Глава двадцать пятая
Стук ко мне в дверь. Я поспешно прячу в ящик свой маузер, дневник и сосуд с колдовским зельем оло. Как ни странно, однако за все время своей абсурдной хиджры[80] я ни разу не подумала о полиции, ибо не совершала ничего противозаконного, если не считать того, что утопила яхту своего отца, пользовалась фальшивыми документами и убила мать Лус. О последнем я всегда почему-то забываю. Наверное, потому, что не считала преступным деянием защиту самой себя и Лус. Ифа прервал жизненный путь этой женщины, избрав меня своим орудием. Но совершенно ясно, что мой муж хочет, чтобы полиция занялась мною, иначе он не украсил бы сад Полли трупом своей последней жертвы. Проверка? Он пробует уяснить, выдам ли я его? Это имеет для него значение?
Я бросила быстрый взгляд в зеркало, чтобы убедиться, достаточно ли я неузнаваема. Жалюзи опущены, свет в кухне погашен, очки на мне, челка закрывает лоб. Открываю дверь, и у меня подгибаются колени. Чтобы устоять на ногах, я хватаюсь за дверной косяк. На мгновение мне кажется, будто это снова сон, будто мой муж стоит передо мной, нацепив для смеха полицейскую бляху на карман спортивной куртки. Он произносит:
— Детектив Паз, мэм. Управление полиции Майами. Могу ли я…
Тут лицо его делается озабоченным, и он добавляет:
— Прошу прощения, мэм, с вами все в порядке?

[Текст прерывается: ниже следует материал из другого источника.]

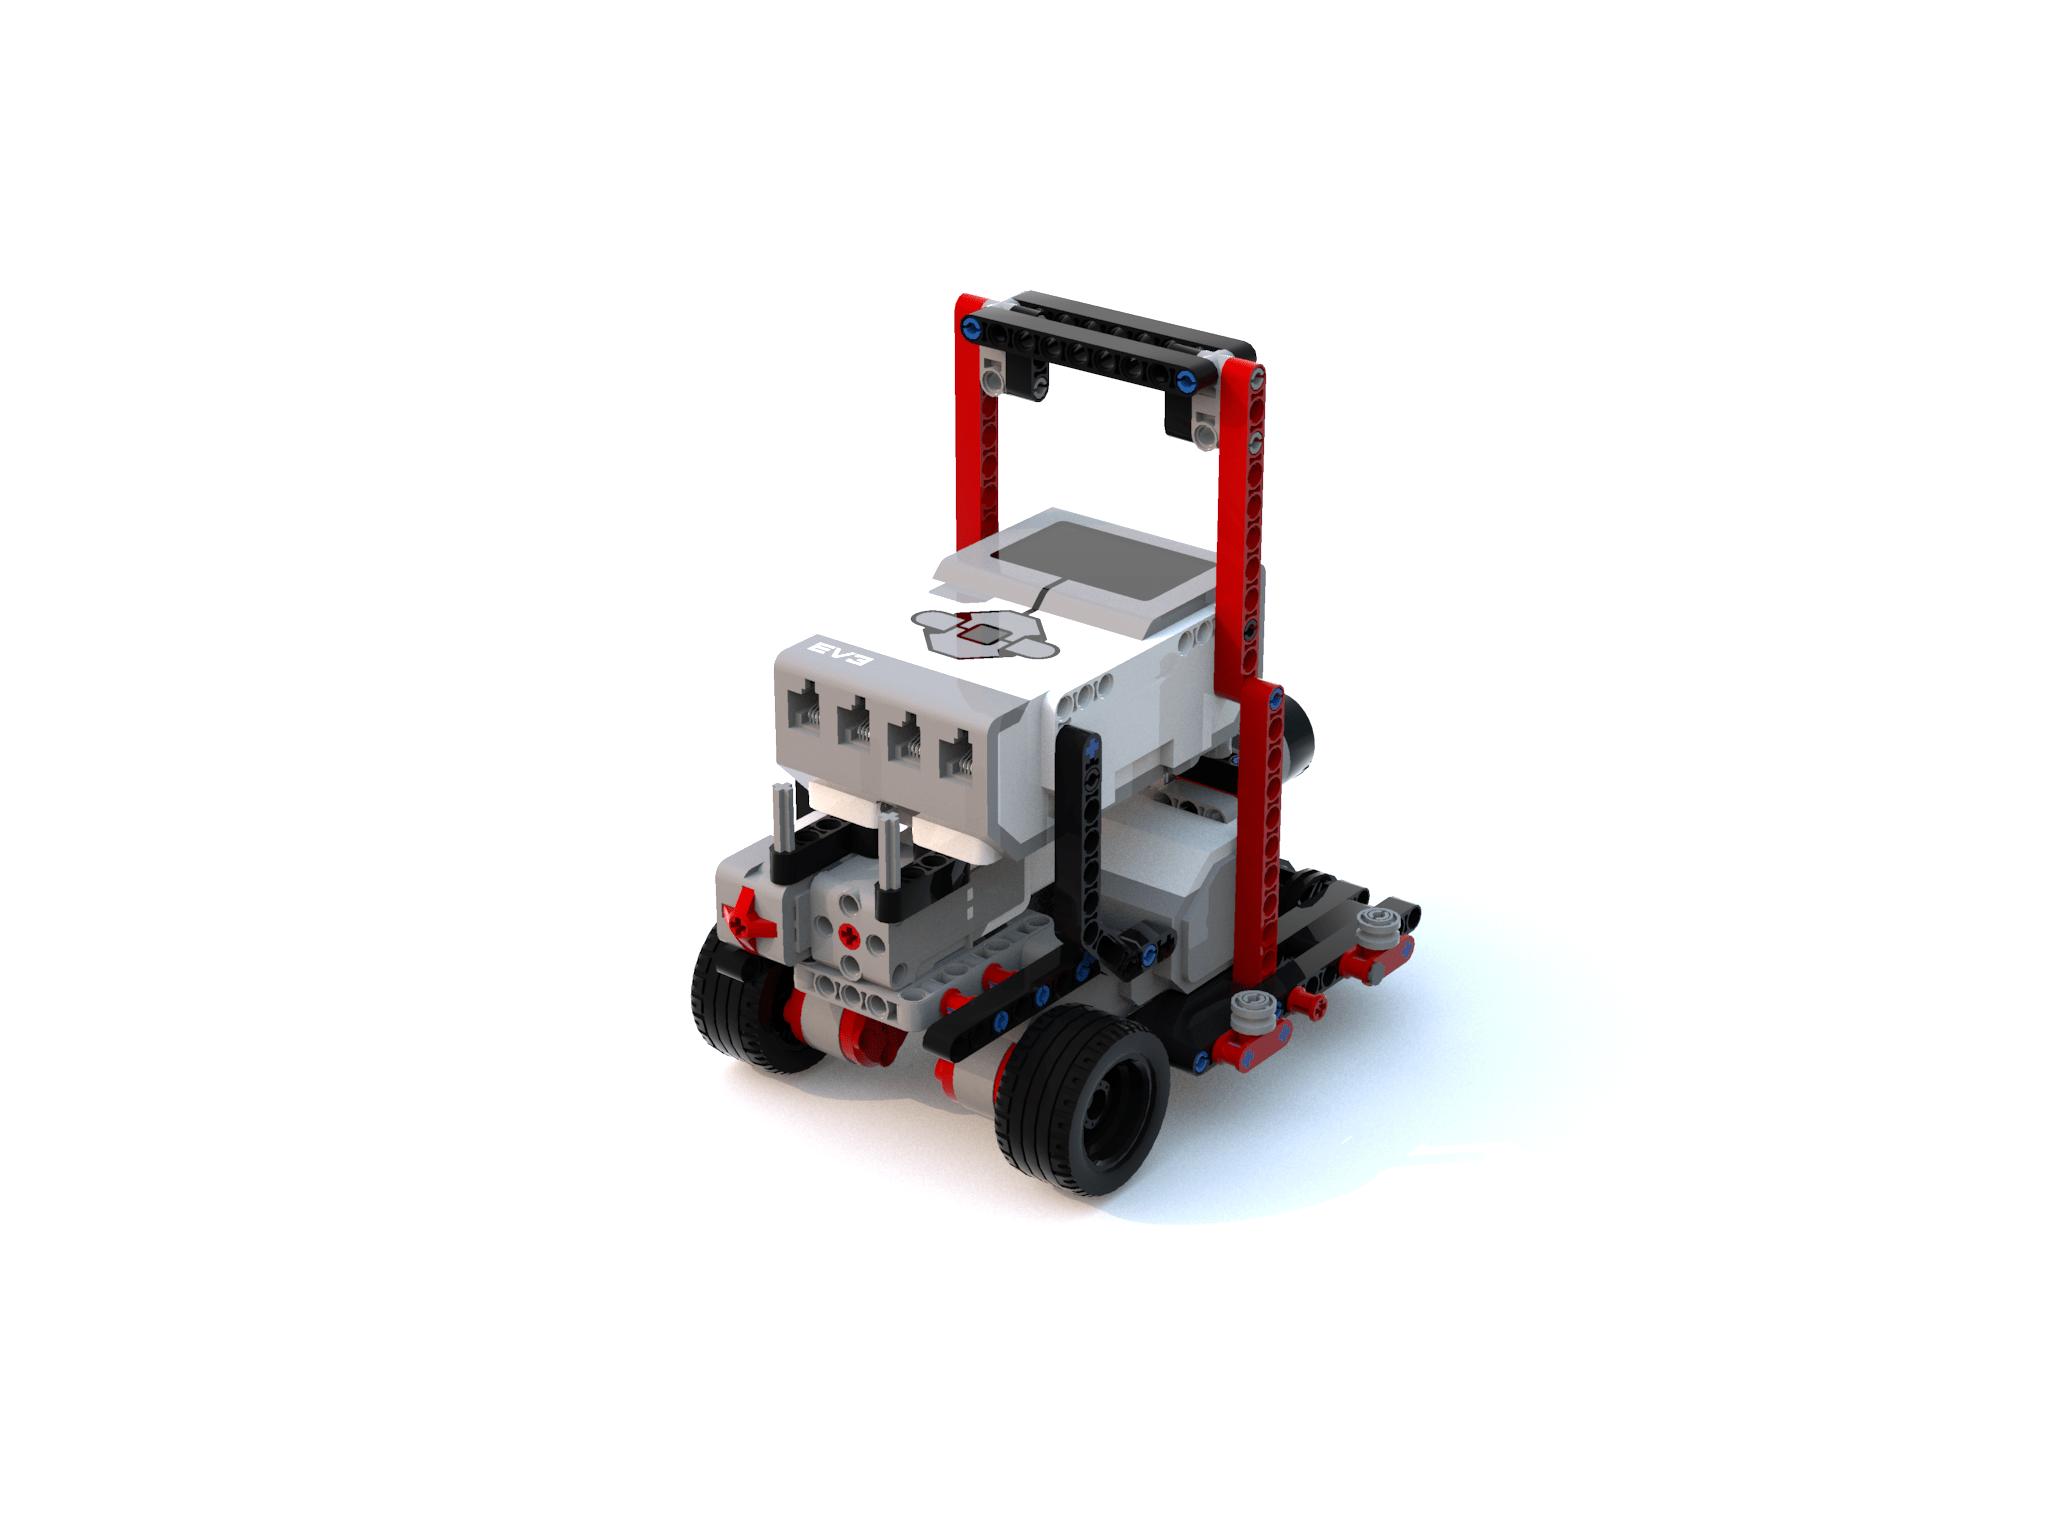 Robot Designs
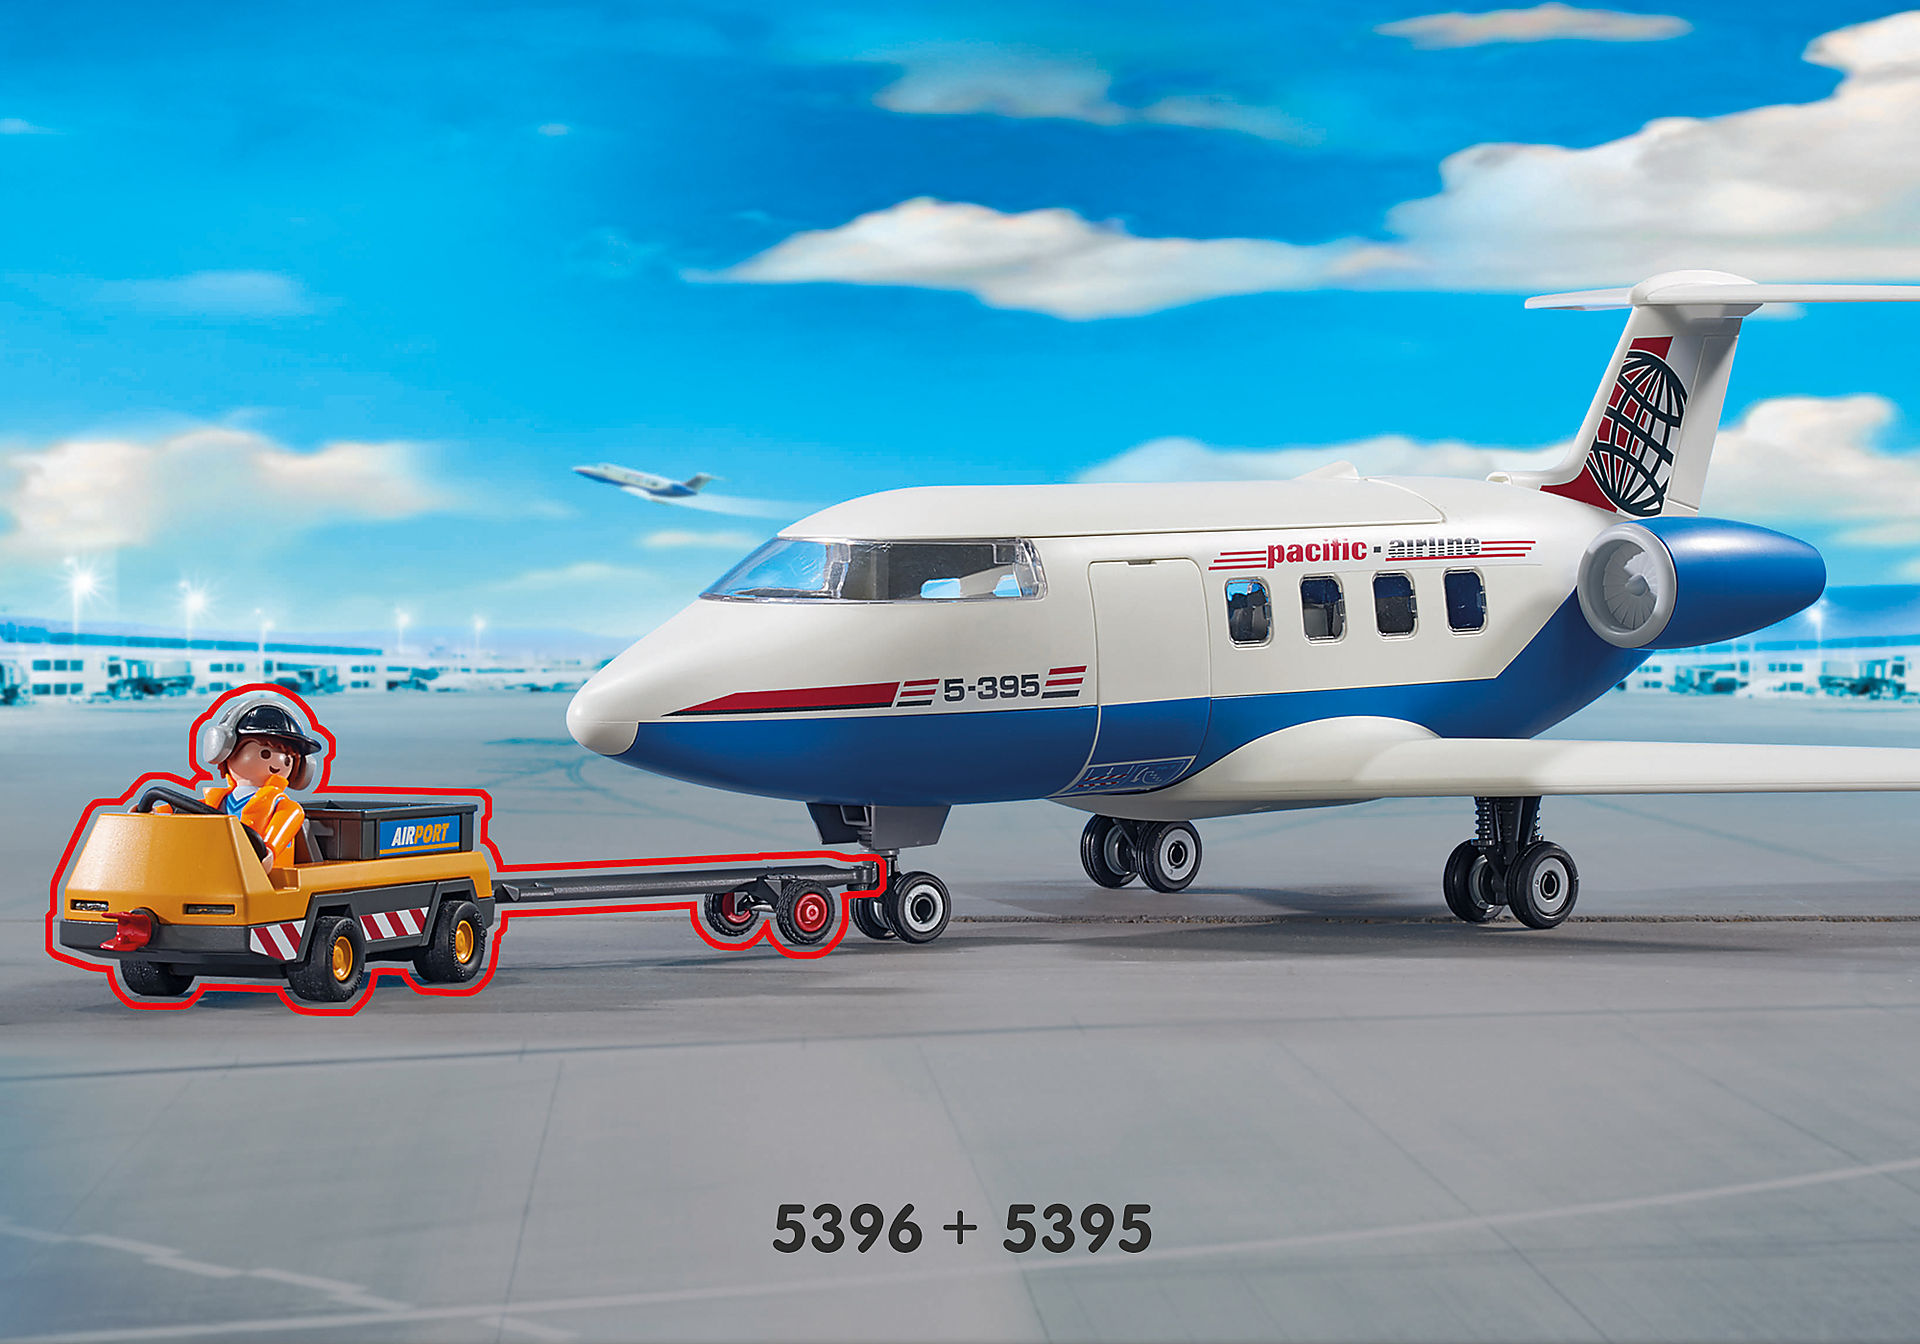 5396 Luchtverkeersleiders met bagagetransport zoom image6

Но я уже вижу, это не мой муж. Строение лица иное, с более высокими скулами и более низкой линией волос. Он крепче сложен, с более мускулистыми плечами и шеей. Глаза у него светло-карие, а не серые с коричневым оттенком, как глаза Уитта. И эта куртка — нет, Уитт не заботился о красивой одежде… Все это проносится у меня в голове, а огга тем временем кричит диким голосом: «Дура! Он мог явиться к тебе в любом обличье, хоть в форме гвардейца-гренадера, — это сон!»
Но я отступаю в сторону, впускаю его в дом, бормоча:
— Нет, это… там, во дворе… ужасно. Скоро ли его увезут? Я боюсь, как бы моя дочь…
Я опускаюсь на один из двух моих стульев. Детектив смотрит на меня.
— Да, мэм, патологоанатомы уже здесь. Все будет кончено минут через десять.
Он садится напротив меня, выкладывает на стол блокнот и авторучку. Я опускаю голову и прилагаю все усилия, чтобы взять себя в руки.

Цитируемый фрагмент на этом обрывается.